[Opening Dataset records section]

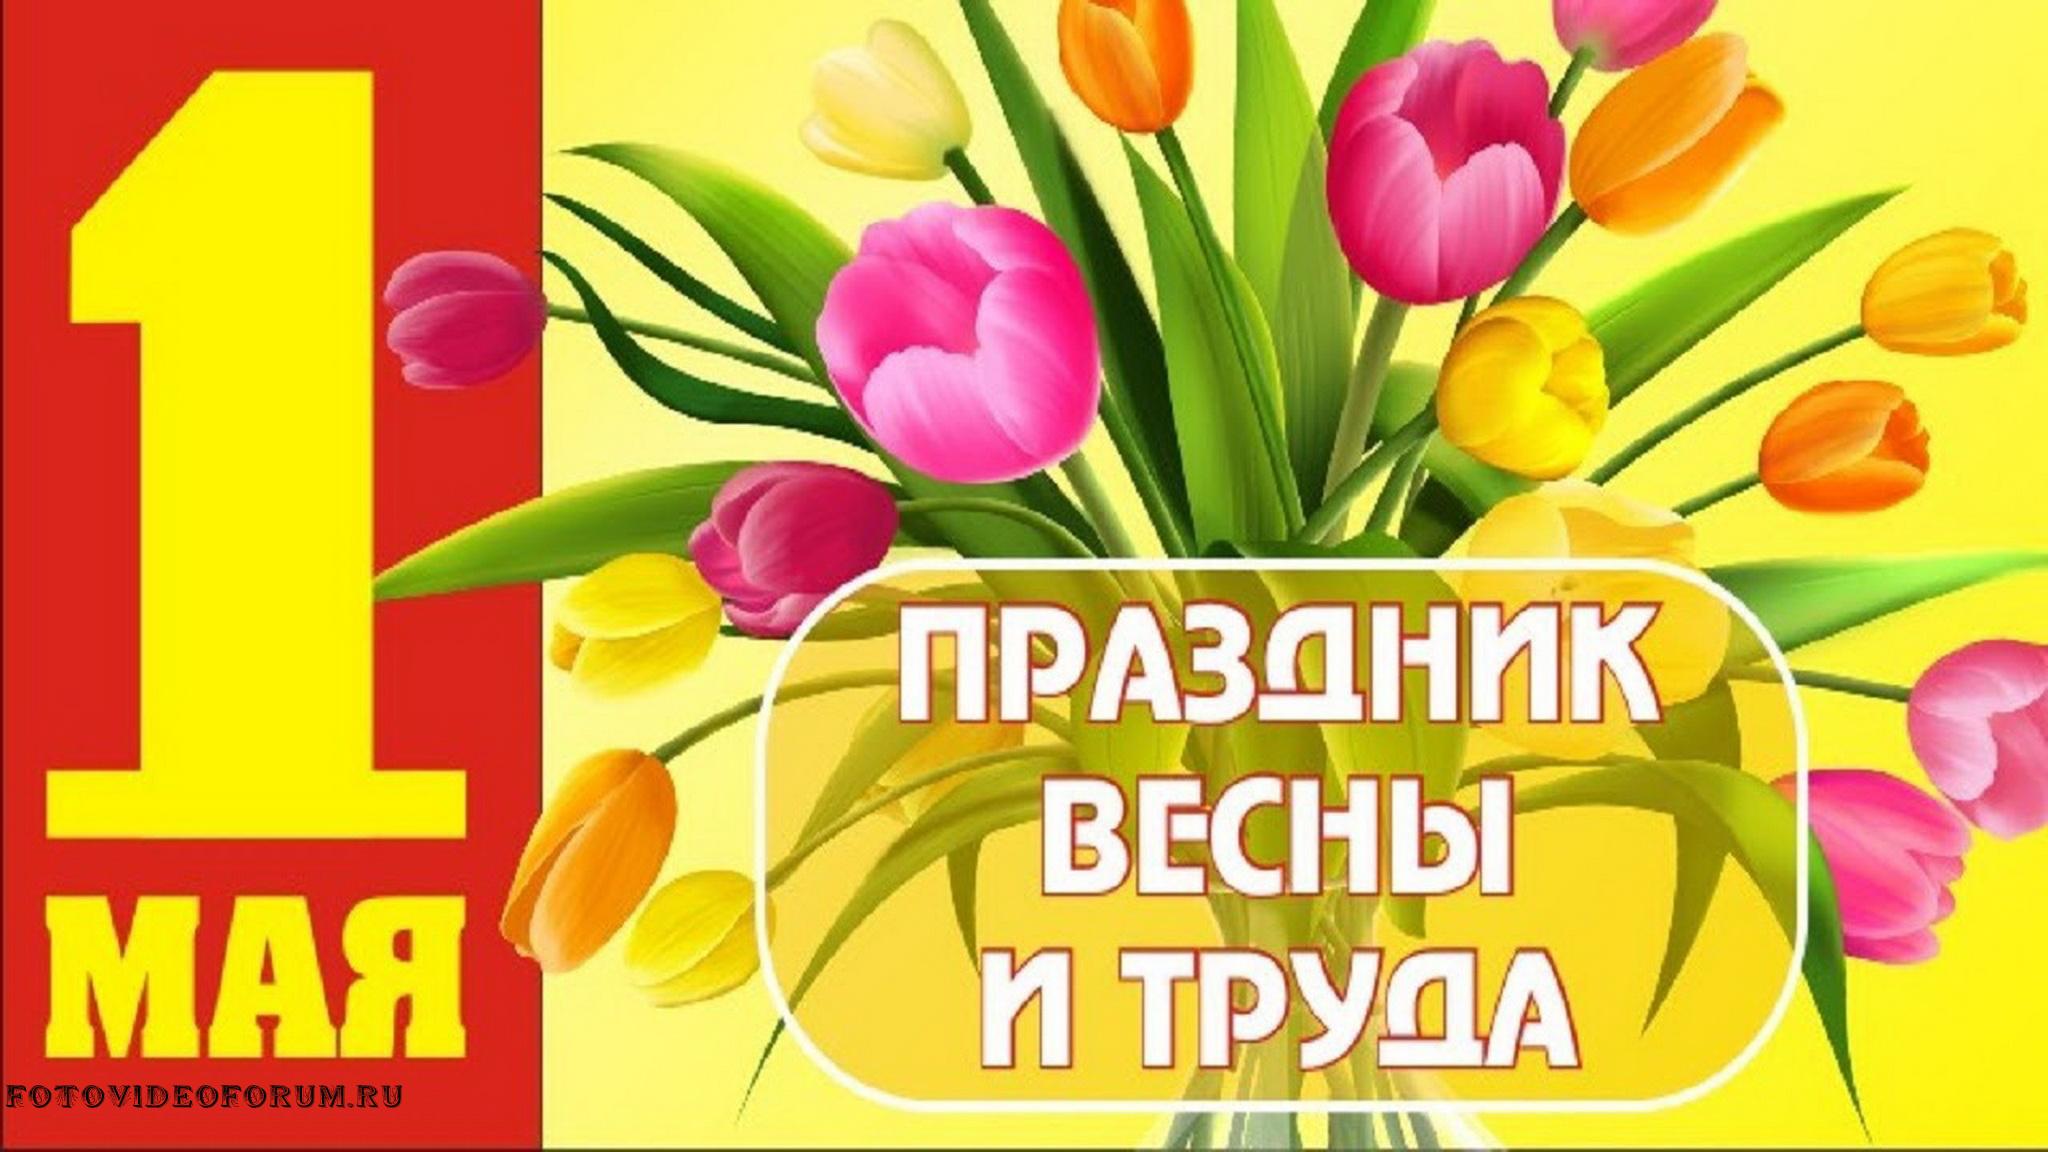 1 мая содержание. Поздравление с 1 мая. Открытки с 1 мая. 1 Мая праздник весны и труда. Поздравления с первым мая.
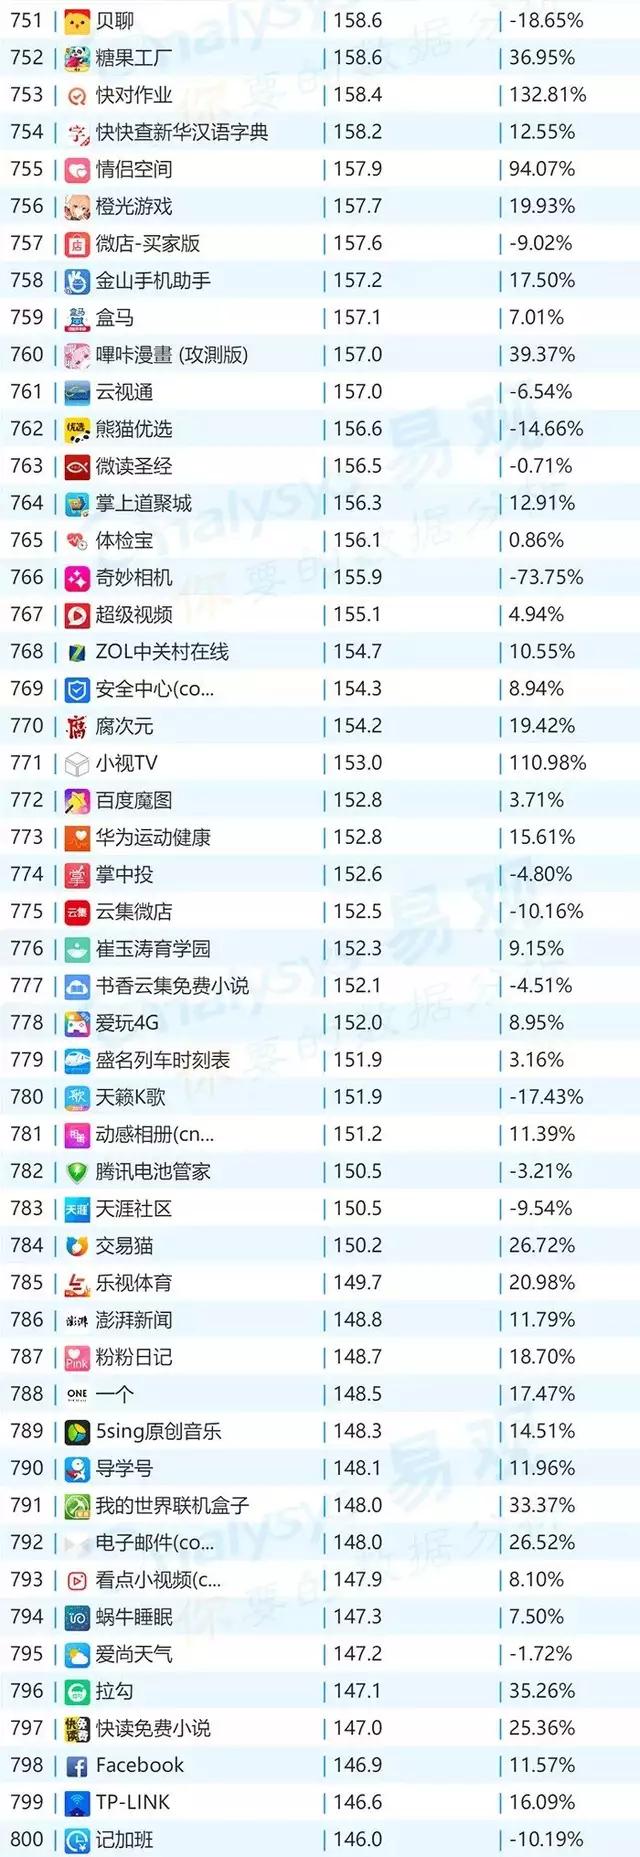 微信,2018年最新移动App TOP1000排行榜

[Closing Dataset records section]
[Opening Dataset records section]

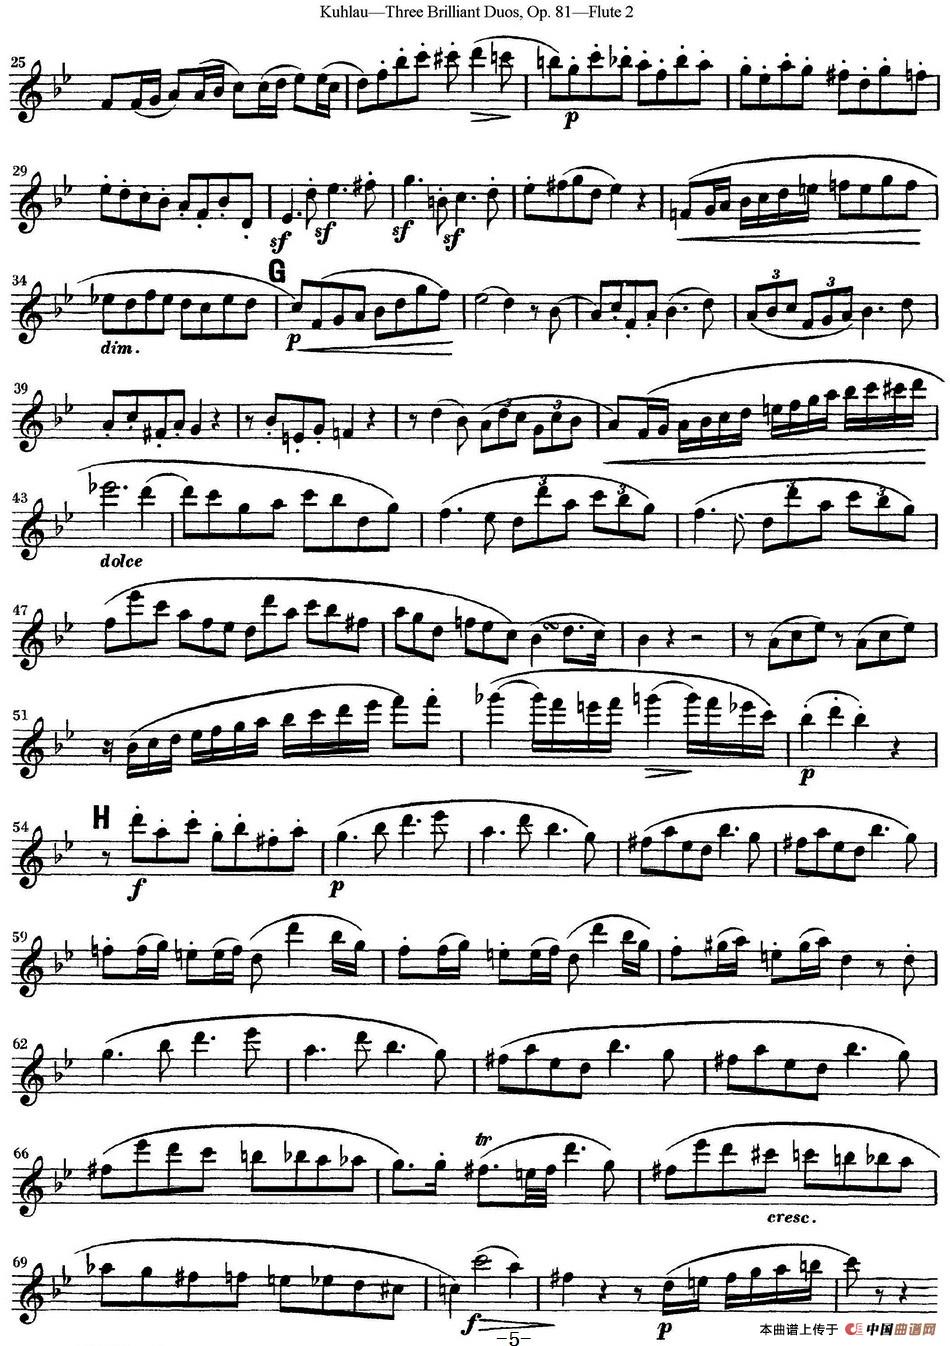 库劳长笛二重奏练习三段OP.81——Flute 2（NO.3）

[Closing Dataset records section]
[Opening Dataset records section]

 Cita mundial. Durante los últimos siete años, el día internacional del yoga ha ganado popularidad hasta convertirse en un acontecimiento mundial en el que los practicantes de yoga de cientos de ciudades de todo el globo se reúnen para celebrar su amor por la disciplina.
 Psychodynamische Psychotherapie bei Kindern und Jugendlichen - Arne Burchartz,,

[Closing Dataset records section]

- **Prompt**:
Reproduce verbatim the lines above, from the line with "Cita mundial. Durante" through the line with "Psychodynamische Psychotherapie bei".

- **Result below**:
 Cita mundial. Durante los últimos siete años, el día internacional del yoga ha ganado popularidad hasta convertirse en un acontecimiento mundial en el que los practicantes de yoga de cientos de ciudades de todo el globo se reúnen para celebrar su amor por la disciplina.
 Psychodynamische Psychotherapie bei Kindern und Jugendlichen - Arne Burchartz,,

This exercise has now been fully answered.